Moreover , I have noticed that you just cannot also keep listening people for long.. you need to somewhere step in take active control of the conversation and then once you are done with your short talk , hand them back the control
-Puneet

Guest's picture
Israel

Wow great writing Andrea. You hit everything right on key and answered a lot of the questions that I had on being a charming person. I actually learned alot today on what you just wrote. I was actually looking for info on how to be talkative but I instead stumbled on your essay and it answered my questions. I have this friend who is the most charming mo-fo that you would ever know. If you where a girl, you would fall in love with this guy emmidiatly cause hes so charming and talkative. This guy makes ME selfconsious when hes around me! I guess because I try to compete with him. Its true, charming people do make you feel good and give you compliments, and thats just what this guy does. Everytime he comes by, he always has a compliment wating for me for whatever reason. I dont know but im starting to think that he also read your essay on being a charming person. haha, thanks Andrea

Guest's picture
Guest

Andrea ... you are amazing! I am charming and love it. I also don't think that it is something one is born with but definitely something I took time to cultivate. There is definitely a power aspect to it and it's helped me get connections to opportunities that I would have never imagined. It is definitely about putting others first and while the idea of that may suck to some, the truth of the matter is that whatever you give of yourself in life, somehow, you will get in return. Awesome article!!

Guest's picture

Hi Andrea, I thought what the instructor pointed out was really interesting, about how charming people make others feel special. I don't think being charming is necessarily about putting the spotlight on others though, since not everyone craves for such attention. If one enjoys being interviewed or being the center of attention, that will probably be one way to charm the person; on the other hand, if the person doesn't, it'll probably make the person shut off.

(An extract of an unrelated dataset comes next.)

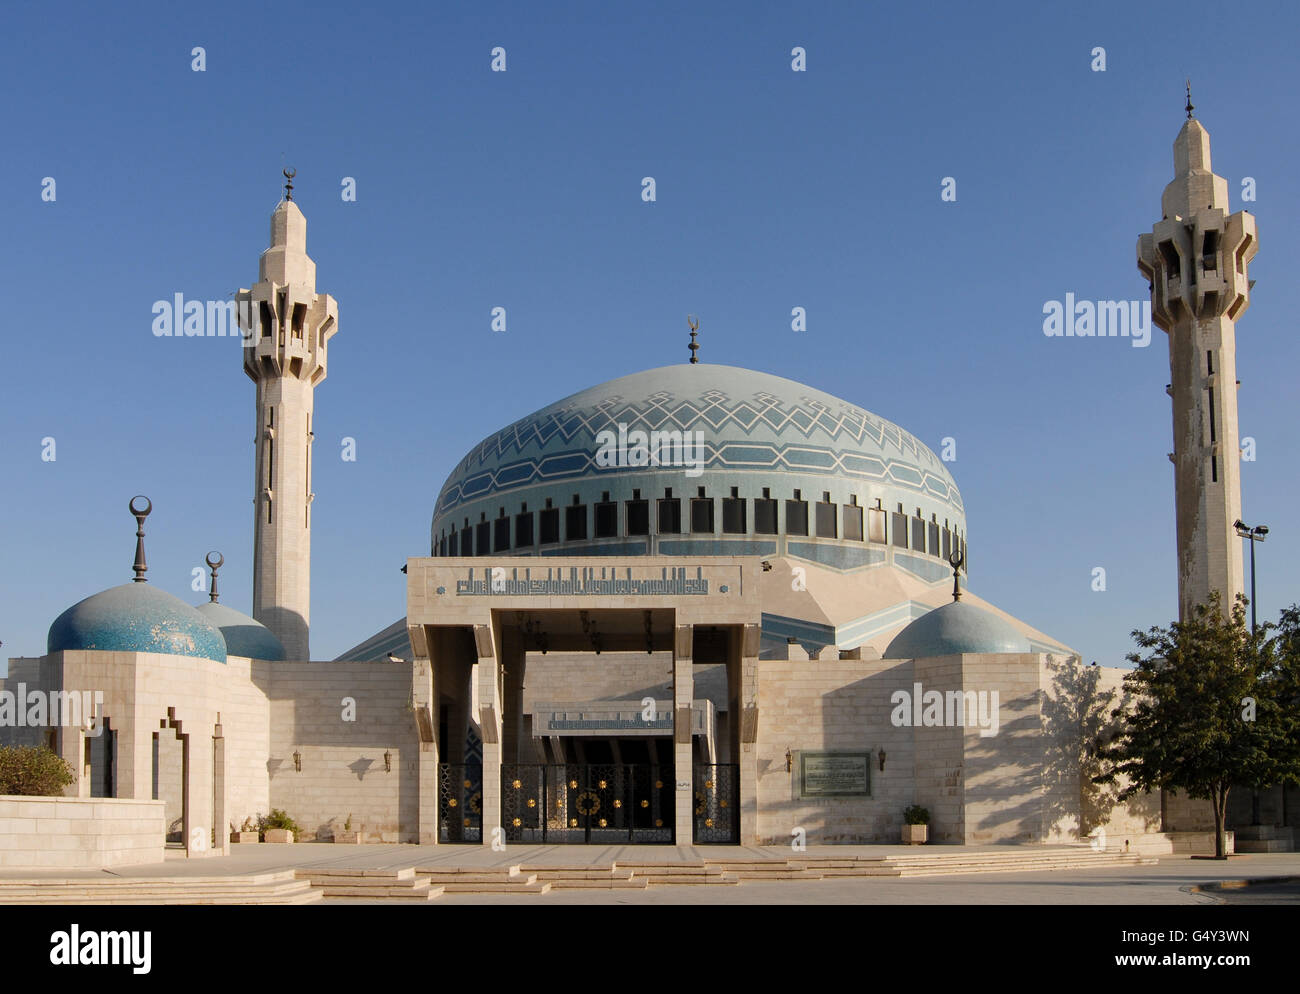 JORDAN, Amman, King I. Abdullah mosque / JORDANIEN, Amman, Koenig Abdullah Moschee - Stock Image

I definitely agree with one of the commenters' comments about how it's about being genuine and authentic at the end of the day. Being yourself, knowing yourself, and being kind to others, I feel, are the qualities of a charming person. I've seen people who try to learn the art of schmoozing and being charming, and while they probably do charm others, I often get repelled by such (what I feel are unauthentic) approaches to connecting with people. (I wrote a short post about how to be charming on my site sharing my take on being charming, basically building on these views.)